Несмотря на поздний час, торговали бойко. Башти захватил львиную долю заработка, принадлежавшего отцам двух умерших парней, и щедро покупал товары «Эренджи». Когда Башти пообещал много новых рекрутов, Ван Хорн, зная изменчивый характер дикарей, стал настаивать на том, чтобы записать их немедленно. Башти колебался и предлагал отложить до завтра, а Ван Хорн уверял, что удобней всего записать их именно сейчас.

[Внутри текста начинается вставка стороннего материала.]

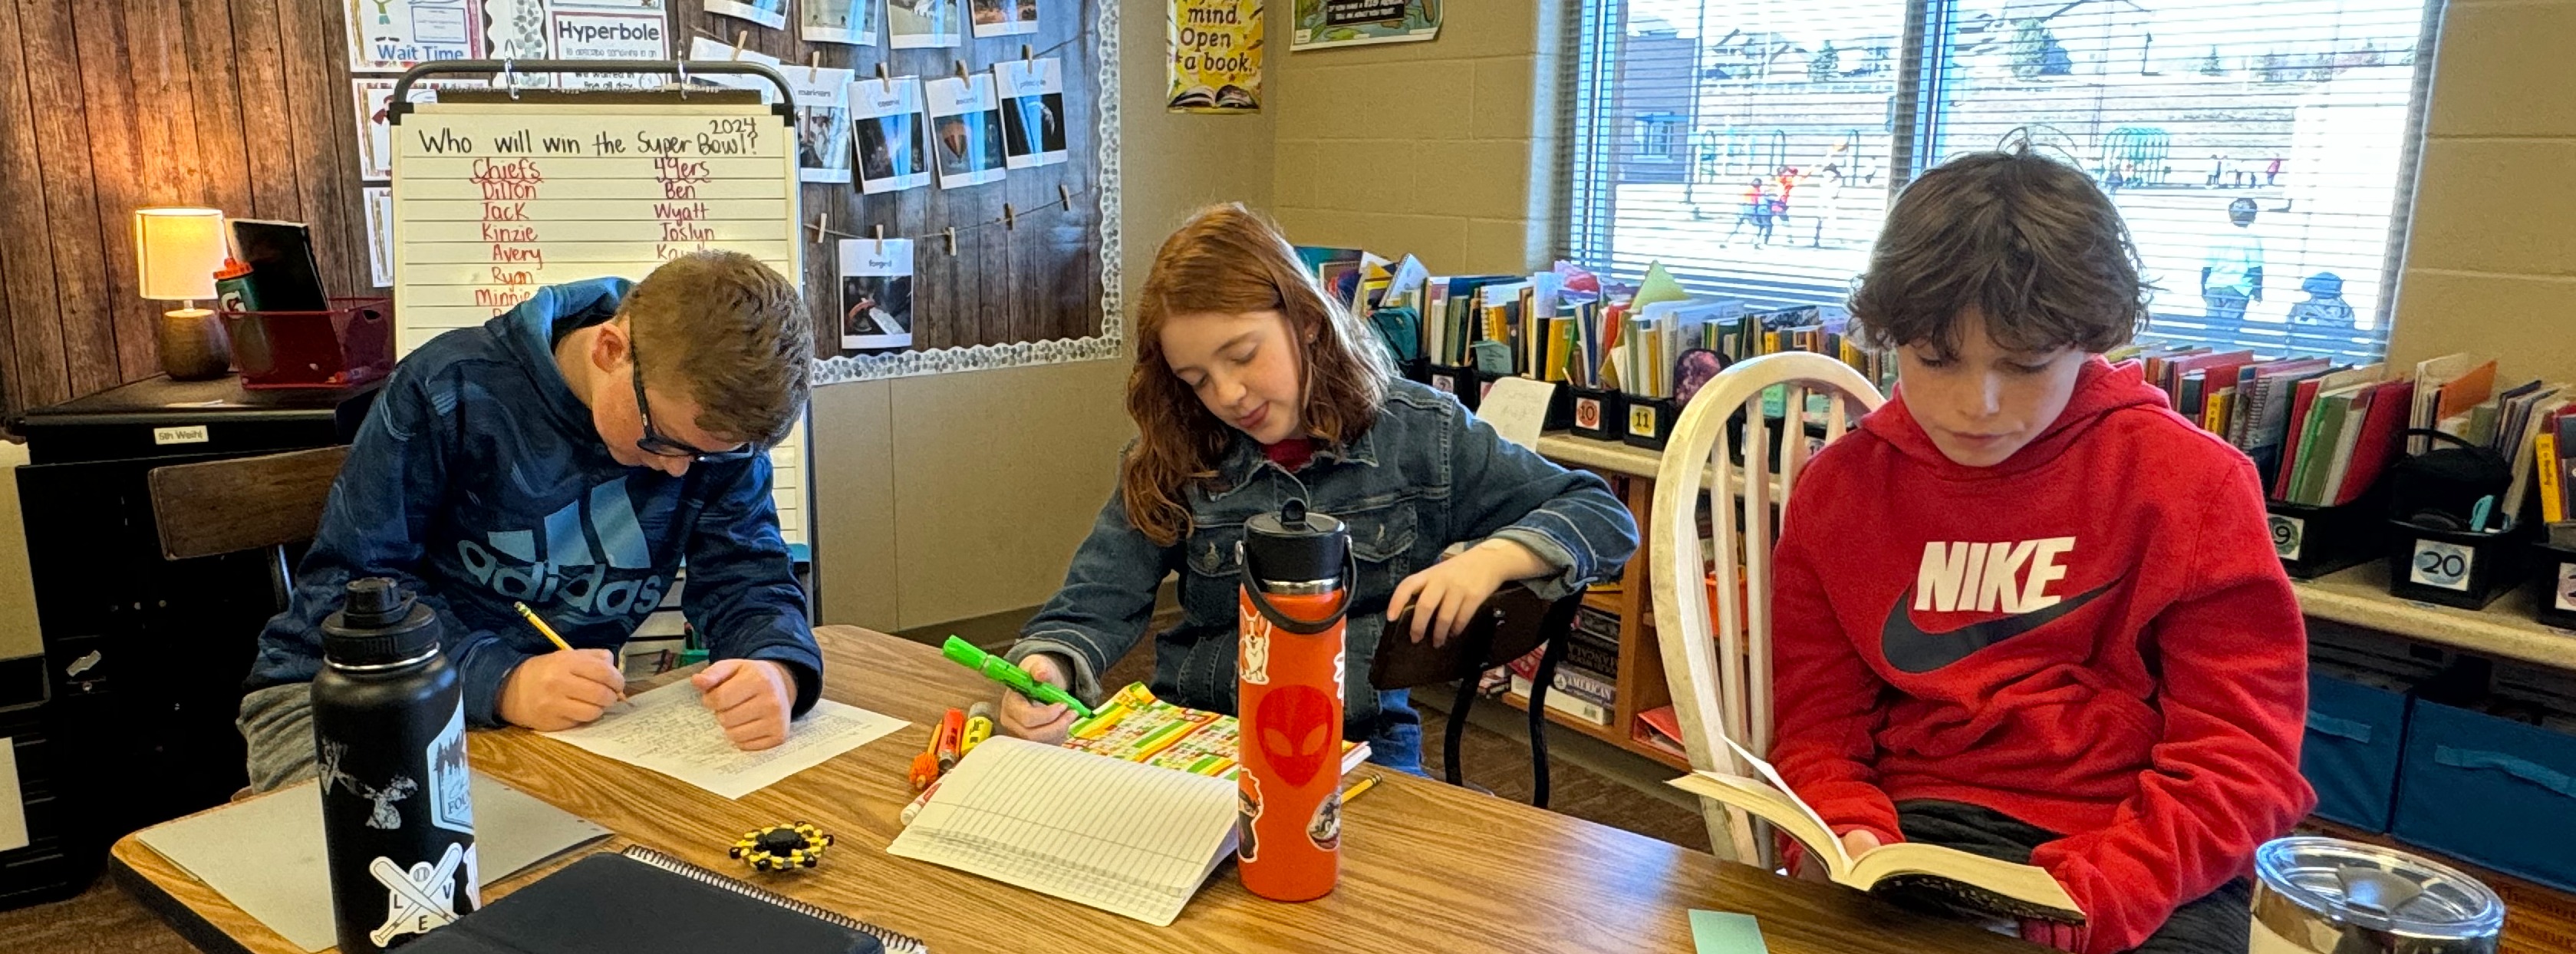 students reading at classroom desk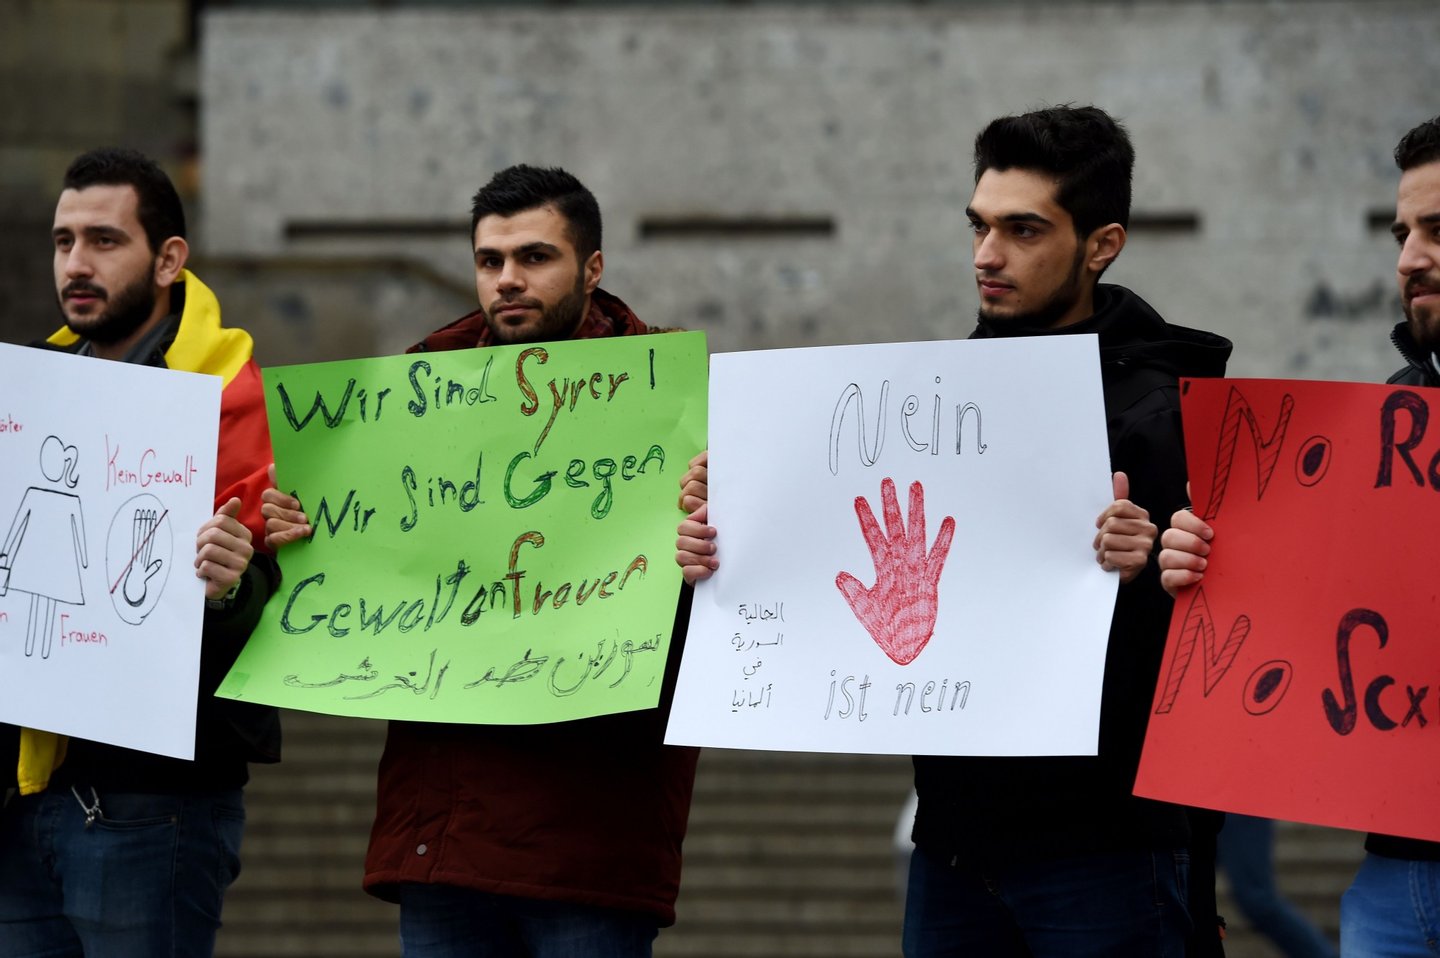 Refugees from Syria hold a sign reading "we are syrians-we are against violence against women" as they demonstrate against violence at the Cologne main train station in Cologne, western Germany on January 16, 2016 where violence against women were perpetrated on New Year's Eve. / AFP / PATRIK STOLLARZ (Photo credit should read PATRIK STOLLARZ/AFP/Getty Images)

Он говорил очень убедительно, и старый вождь послал наконец пирогу на берег за парнями, предназначавшимися для отправки на плантации.
— Ну, что ты на это скажешь? — спросил Ван Хорн Боркмана, у которого глаза были мутнее обычного. — Никогда еще старый плут не бывал так любезен. Быть может, у него что-нибудь неладное на уме?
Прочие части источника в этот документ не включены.